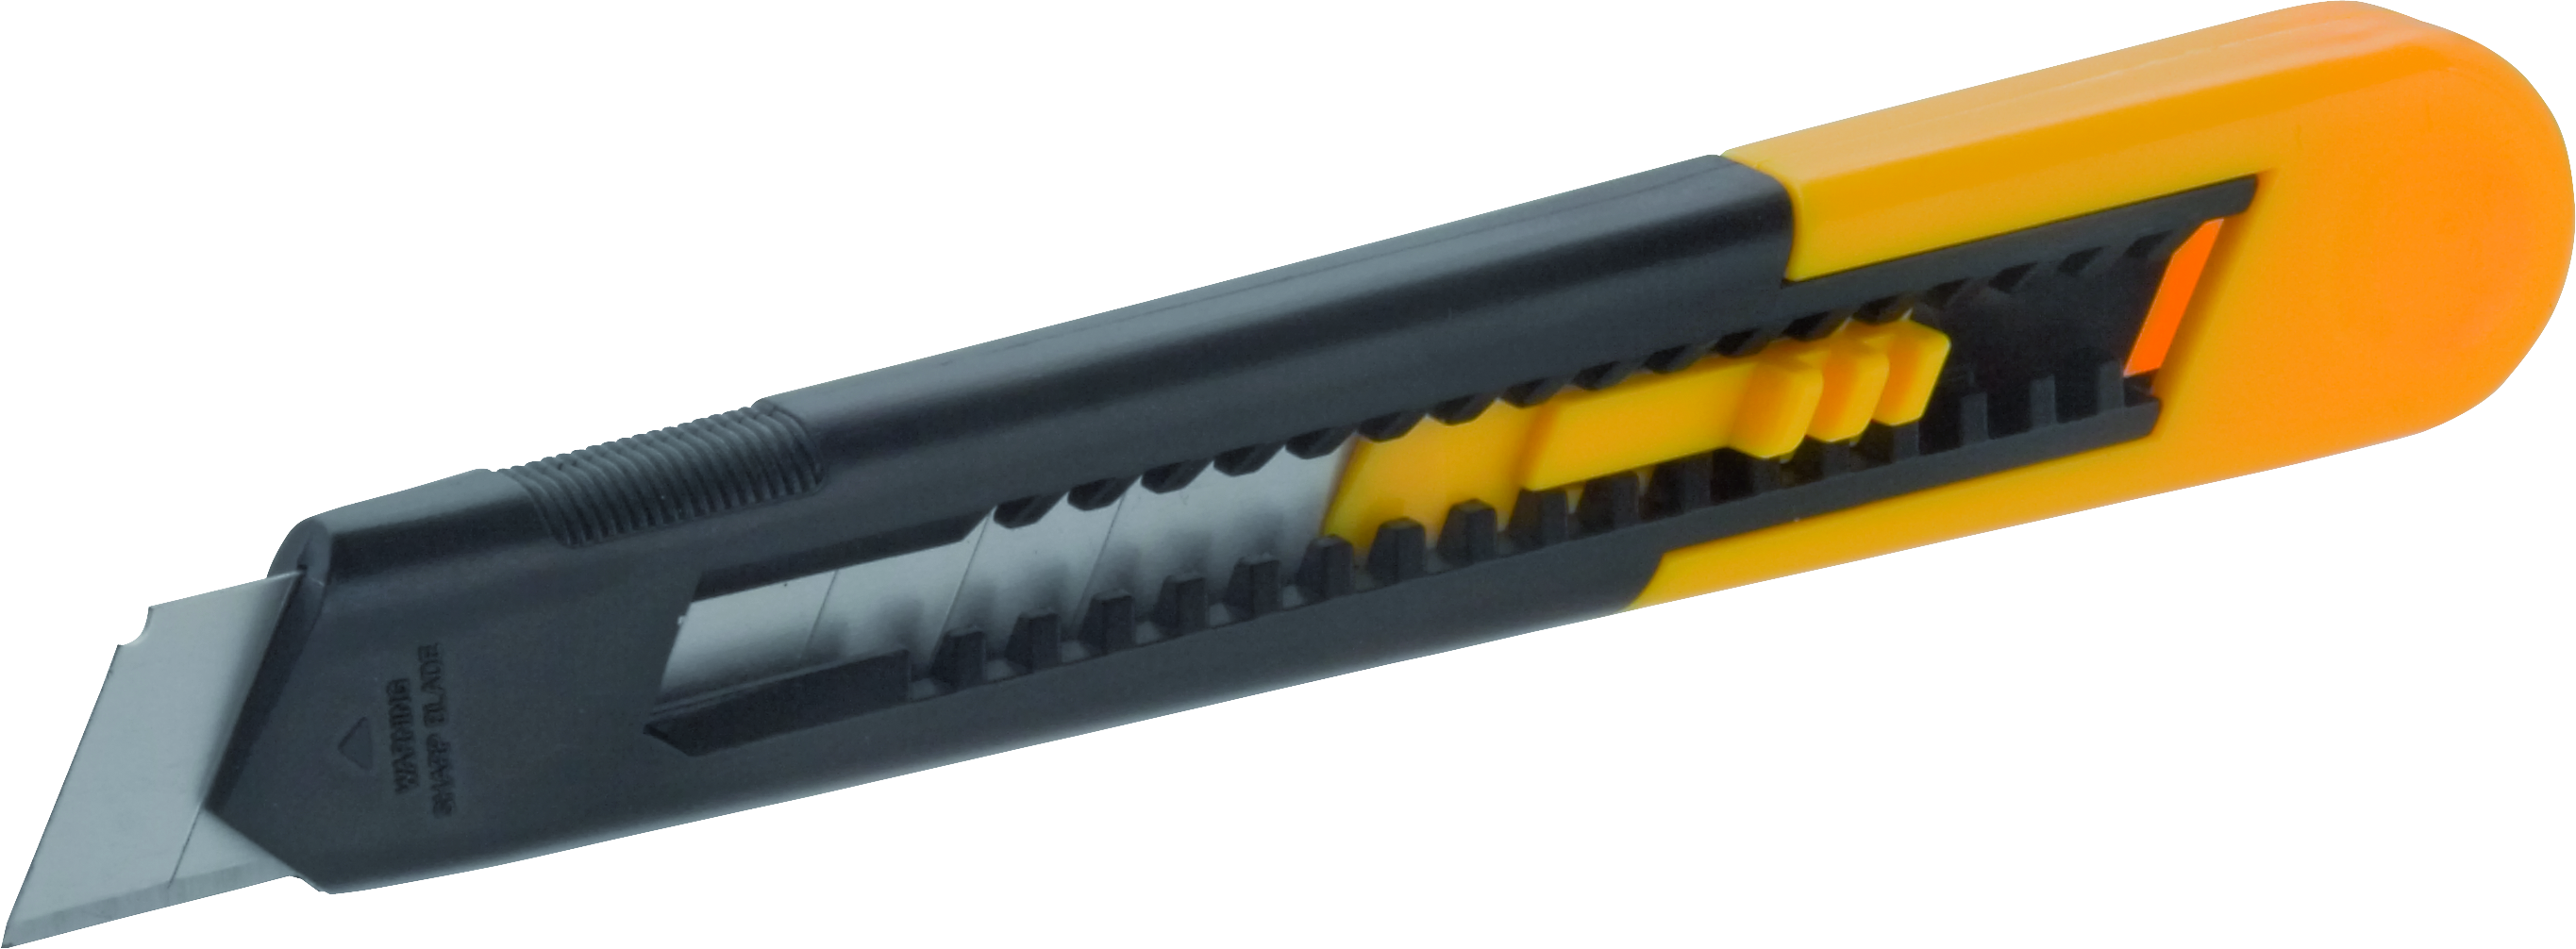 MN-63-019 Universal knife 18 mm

---

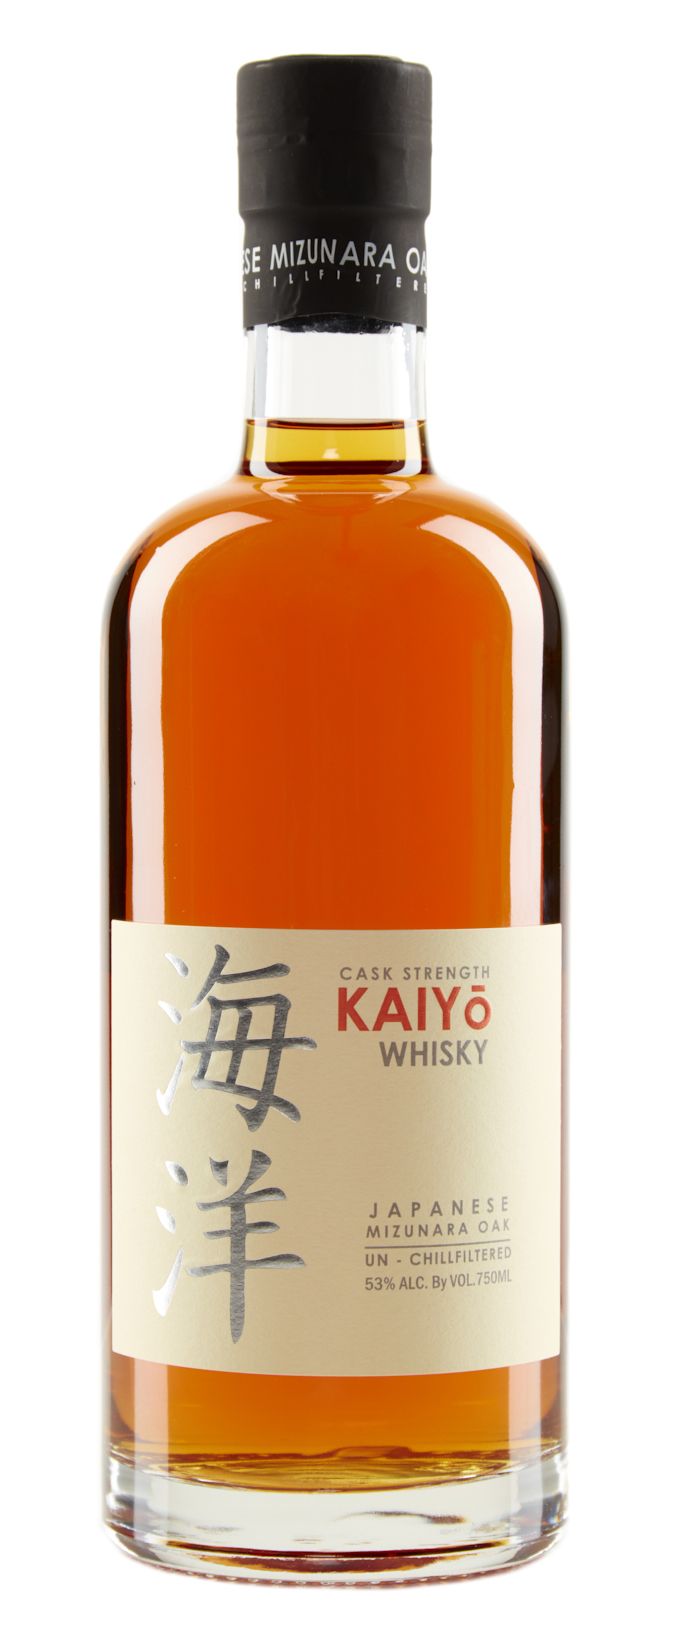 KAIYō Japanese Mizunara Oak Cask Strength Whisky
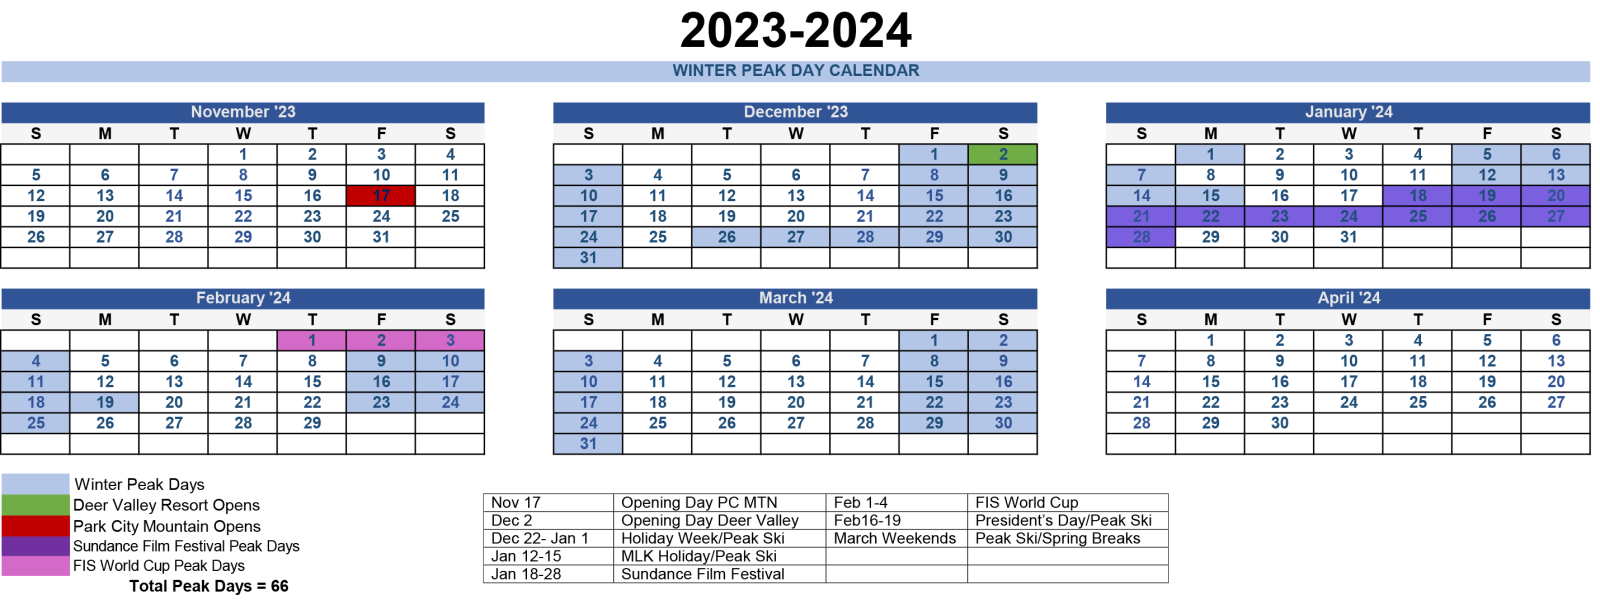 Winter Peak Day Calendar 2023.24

Action item » The line holding "KAIYō Japanese Mizunara" starts the copy and the line holding "Winter Peak Day Calendar 2023.24" ends it. Repeat those two lines above and all between them exactly, leaving out pictures.

Exercise output »
 KAIYō Japanese Mizunara Oak Cask Strength Whisky
 Winter Peak Day Calendar 2023.24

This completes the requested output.